In any case, Lynne and I ended up going to the much smaller (not to mention conveniently located) Tax Day Tea Party in Lowell, MA. As we suspected, it was a mixture of mostly good and a couple of not-so-good elements. The best part was that we met a couple of our friends there, one of whom was brave enough to be the first speaker. She fared very well, reading from the Declaration of Independence and making a few comments. The crowd was not too large. (I am terrible at estimating numbers, so I am not going to try.) Everyone was very polite and courteous. The forest of signs were universally civil and many were very witty and clever.
I had come empty-handed, but I actually ended up holding one of the signs that my friend had brought with her. It read “Read Atlas Shrugged - Ayn Rand was Right” on one side and “This is John Galt Speaking” on the other. This placed me in the bizarre position of holding a sign at a public protest even though hell had not yet frozen over––something I would have not thought possible! To my surprise, I actually liked it, and it afforded me an opportunity to talk to some people about Ayn Rand and answer some questions.
The one element of the gathering that I considered to be negative was a brief injection of religious faith into the discourse. This was basically limited to one speaker, a military (or retired military) man who loudly insisted that good Americans believe in God, believes that the Ten Commandments are the source of law, and demanded that prayer be put back into schools.
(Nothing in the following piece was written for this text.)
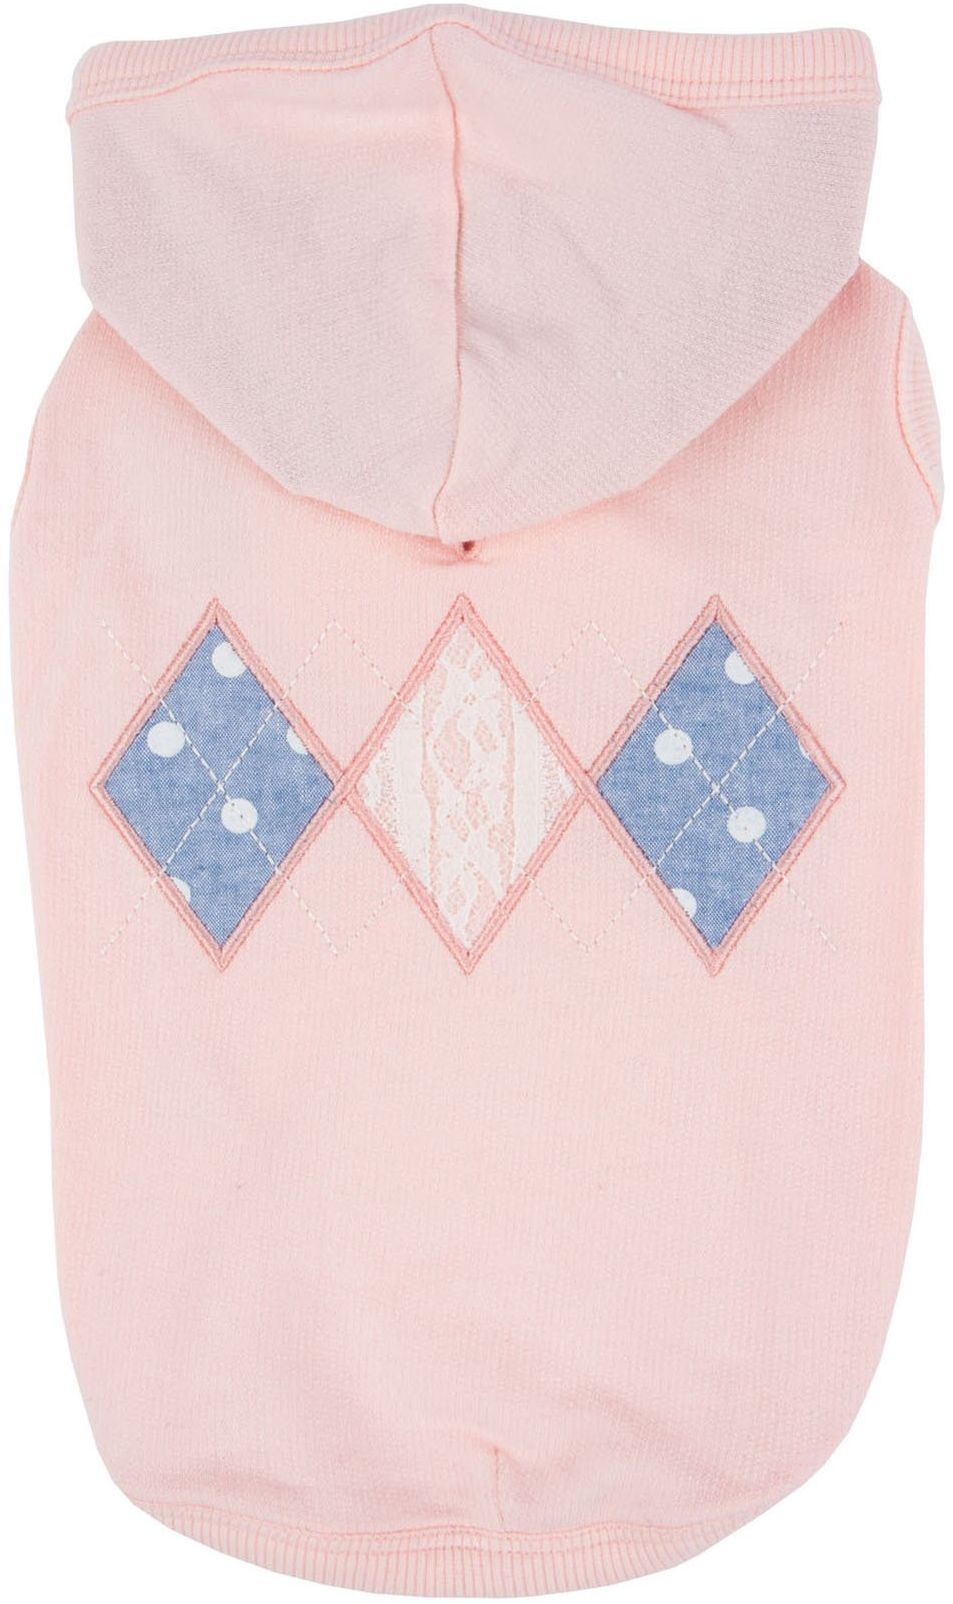 Pinkaholic New York NARA-TS7309-IP-XL indyjskie różowe łapacze bluzy z kapturem dla zwierząt domowych, XL

He is probably a perfectly decent and respectable man, and I thank him for his military service, but if he takes the position that man’s rights are derived from God and thus do not exist in the real world, then he is doing the work of our enemies. Apart from him, though, no one else that I saw or heard brought up religion.
All in all, it was a positive experience, though it did nothing to convince me that such gatherings have much practical benefit. As I indicated before, the importance of the tea party protests lies in the spirit that it signals; their very existence indicates that freedom is not yet dead. However, to effect the broad cultural change that is required to reverse our plunge toward serfdom will require a much more articulate and consistent message.